Ever since Jena I have been toying with a hypothesis: The "Ruling Class" is much larger than the core identified by either Domhoff & Mills identify -- well over 2% of the population and encompassing local elites (small capitalists, substantial independent professionals . . .).. One of the premises for this hypothesis is that "national decision making" is not the same as "rule," which must go much deeper into the society. And the 'big capitalists' & their servants know that: hence par of the calculations of the 'natinal elites' [all vocabulary here provisional and not too satisfacotry] involves maintaining the active loyalty of those 'local ruling classes.' Th e relations linking Pritzkers, Gateses, etc. to to auto dealers & local attorneys in Bloomington or Wichita pr evem Marcellus, Michigan are internal, not external, and one cannot consider either in isolation from the other.

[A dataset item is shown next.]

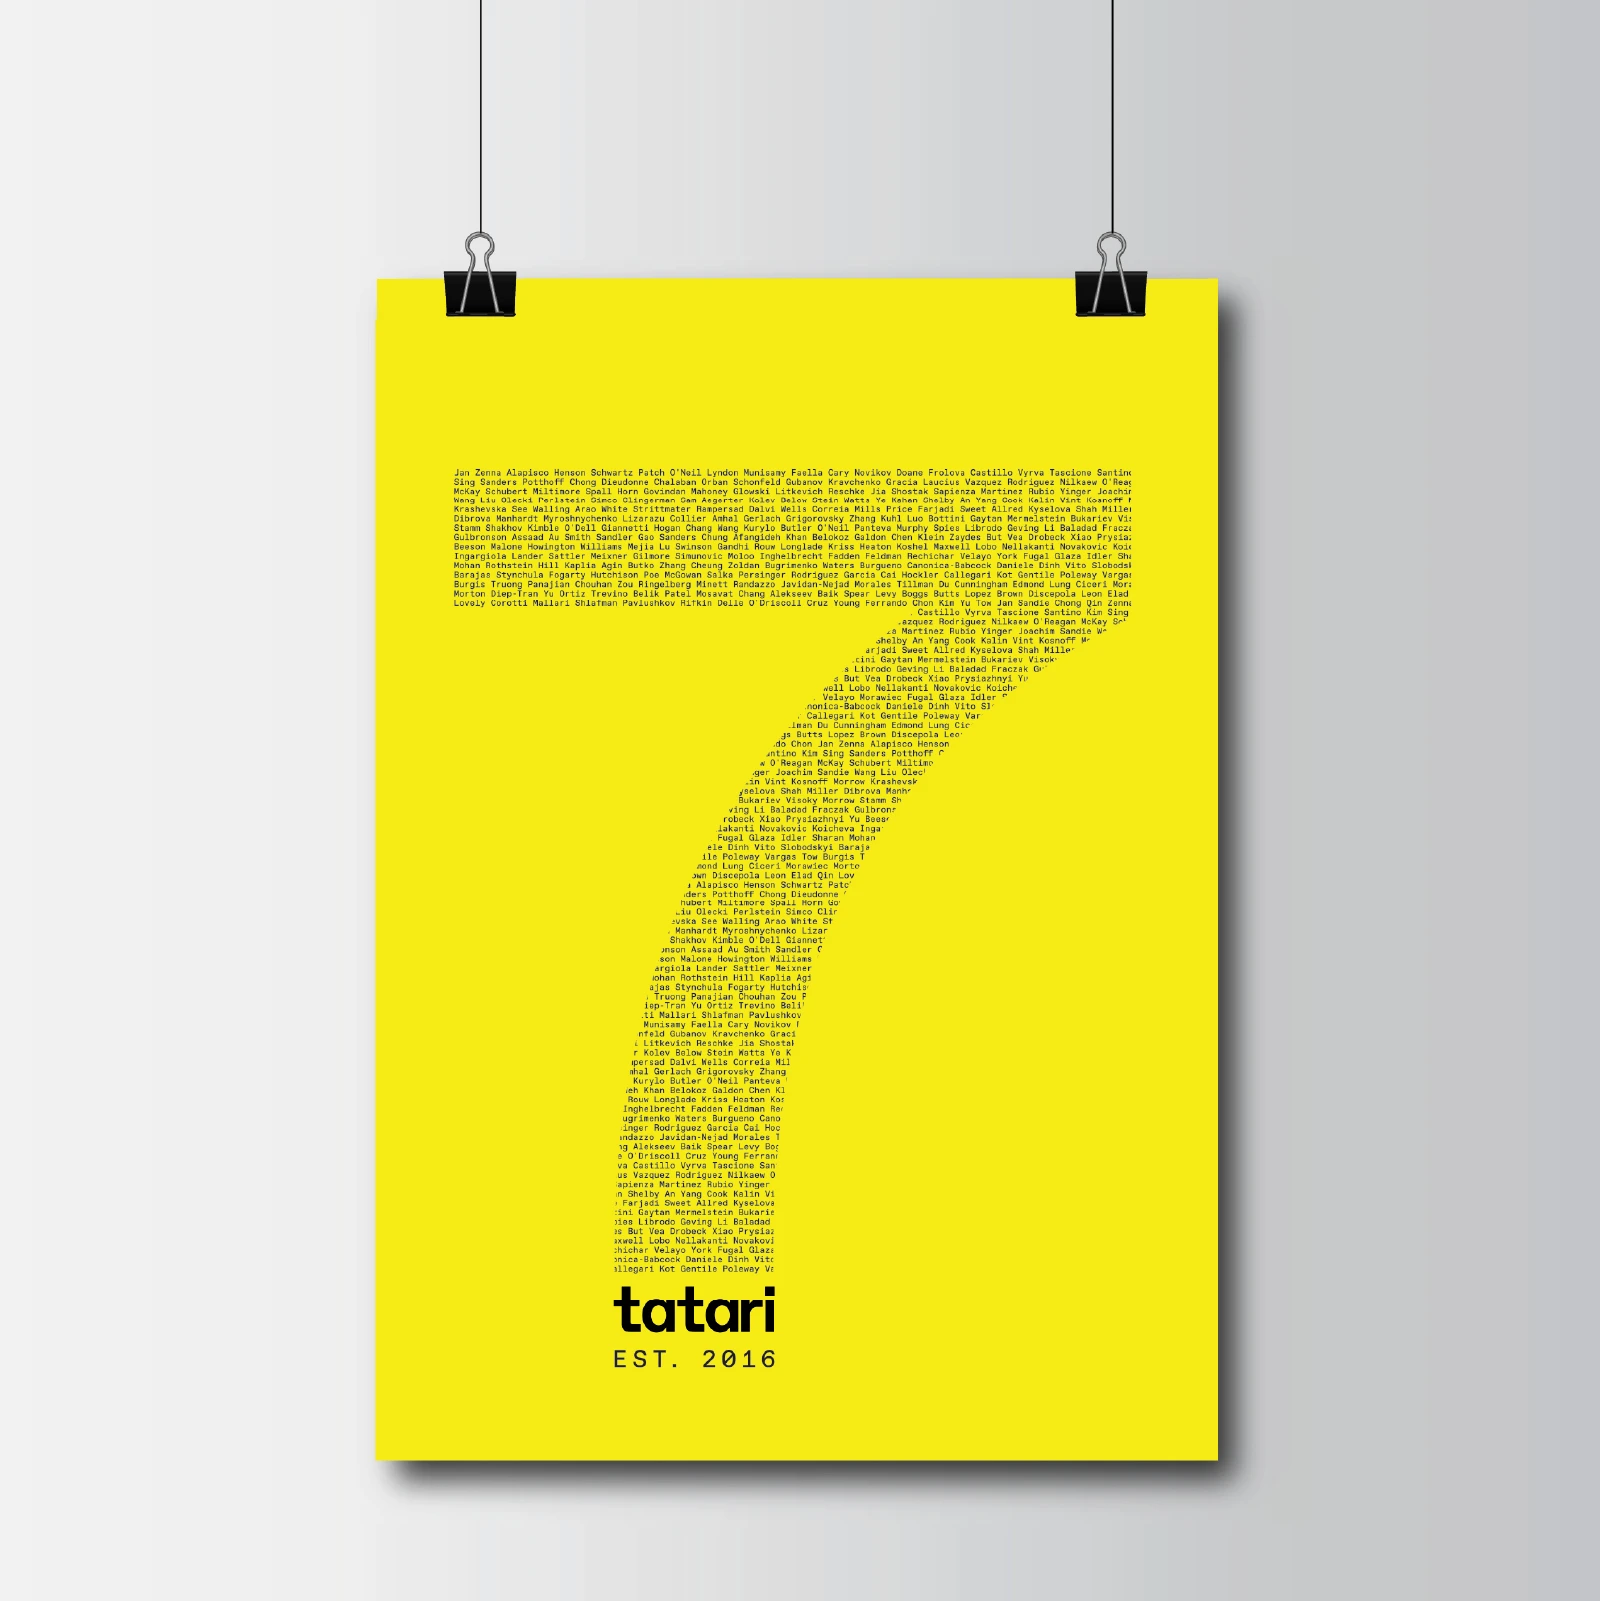 Tatari's 7-Year Anniversary

(I can't remember my source here, but years ago I read some historian who was arguing that from the bronze age to the present rulers had usually made up about 5% of the population. Capitalism _is_, I assume, sharply different from all other social formations, but I don't know whether it would differ sharply in _this- respect or not.)

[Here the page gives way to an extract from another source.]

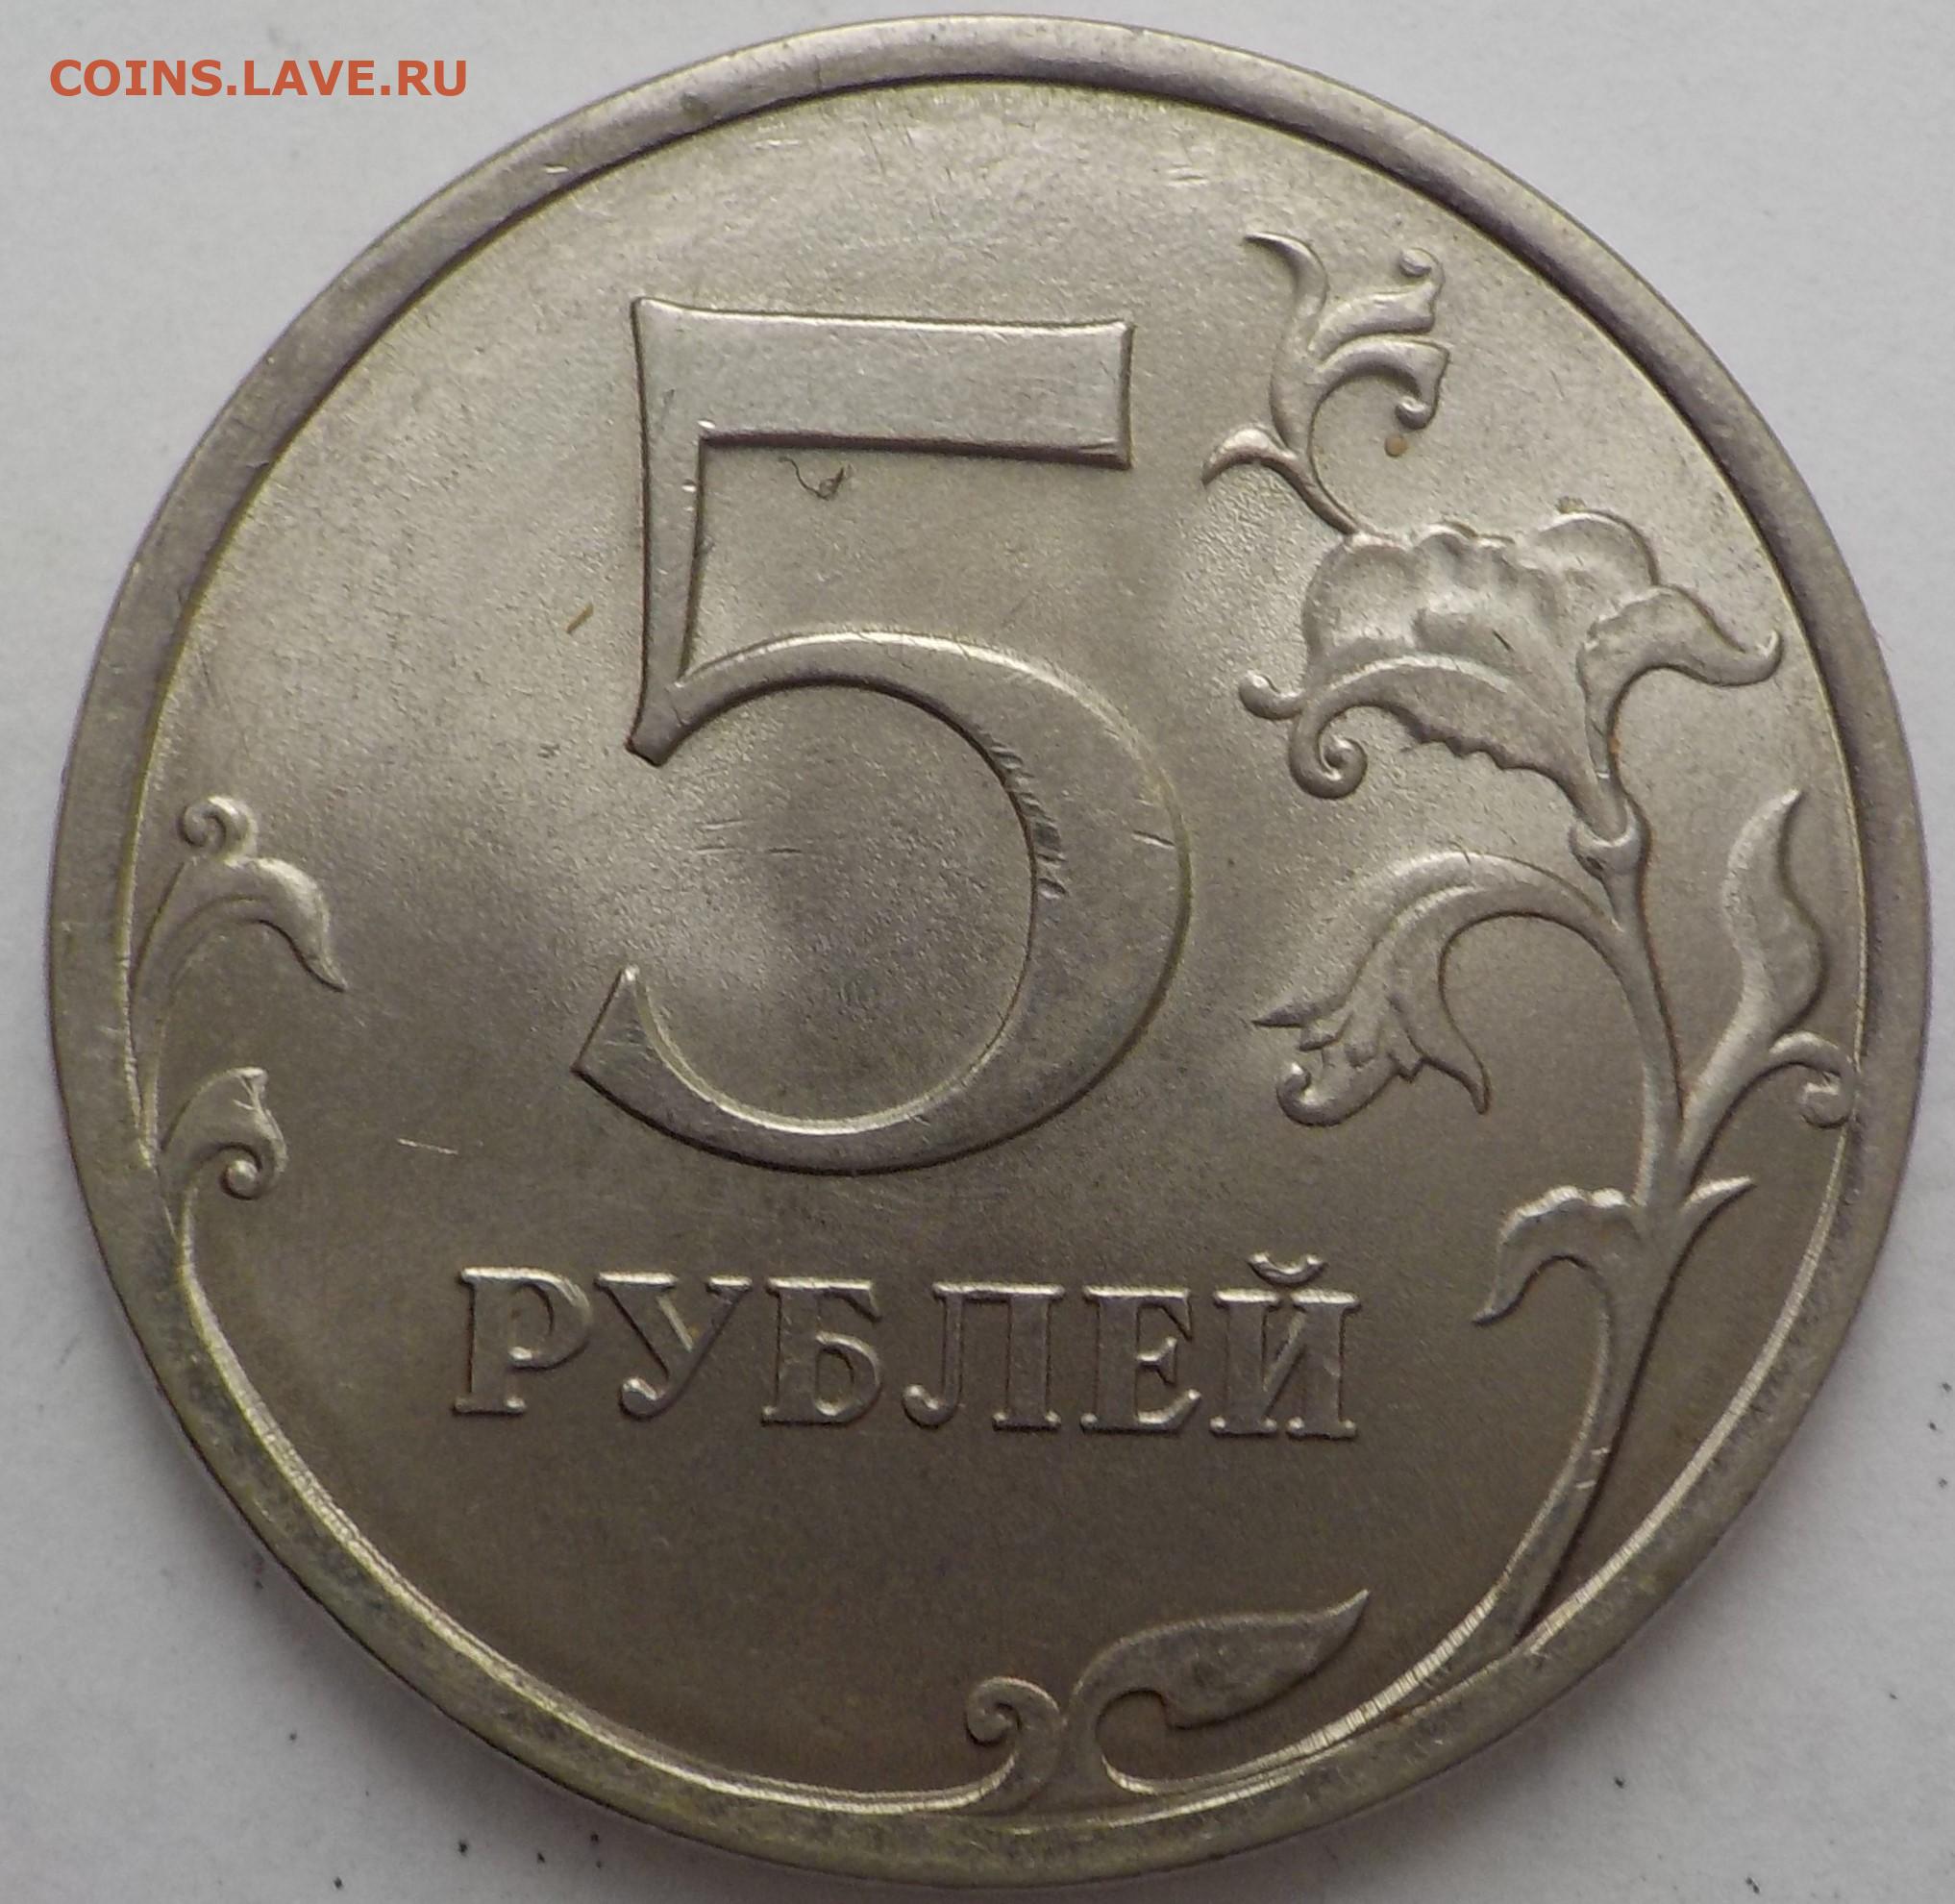 5 рублей вернули. Пять рублей. Размер 5 рублевой монеты. Размер 5 рублей. 5 Рублей картинка.

These local elites (or whatever) are _also_ the (or a) link between national rulers and the vast enforcement apparatus (staffed amd directed by non-ruling class personnel) which maintains order. Not just the police but educational bureaucracies, local charity organizations, county and municpal governments, local editors (increasingly merely employees of chains but still having to make day-to-day decisions on their own), local union bureaucrats, higher civil servants at both state & local levels, . . ..
In sum, I think it at least important to seriously consider that Domhoff and Mills, while invaluable, were seriously lacking in their implicit/explicit assumptions as to what a ruling cvlass consisted of.
Most of the national elite probably disapprove of such outrages as the Jena events; but to take action against such locaol injustices would endanger both the mroalle of the enfdorcement apparatus (police) AND of those local elites who, I'm suggesting, must be considered part of the ruling class proper.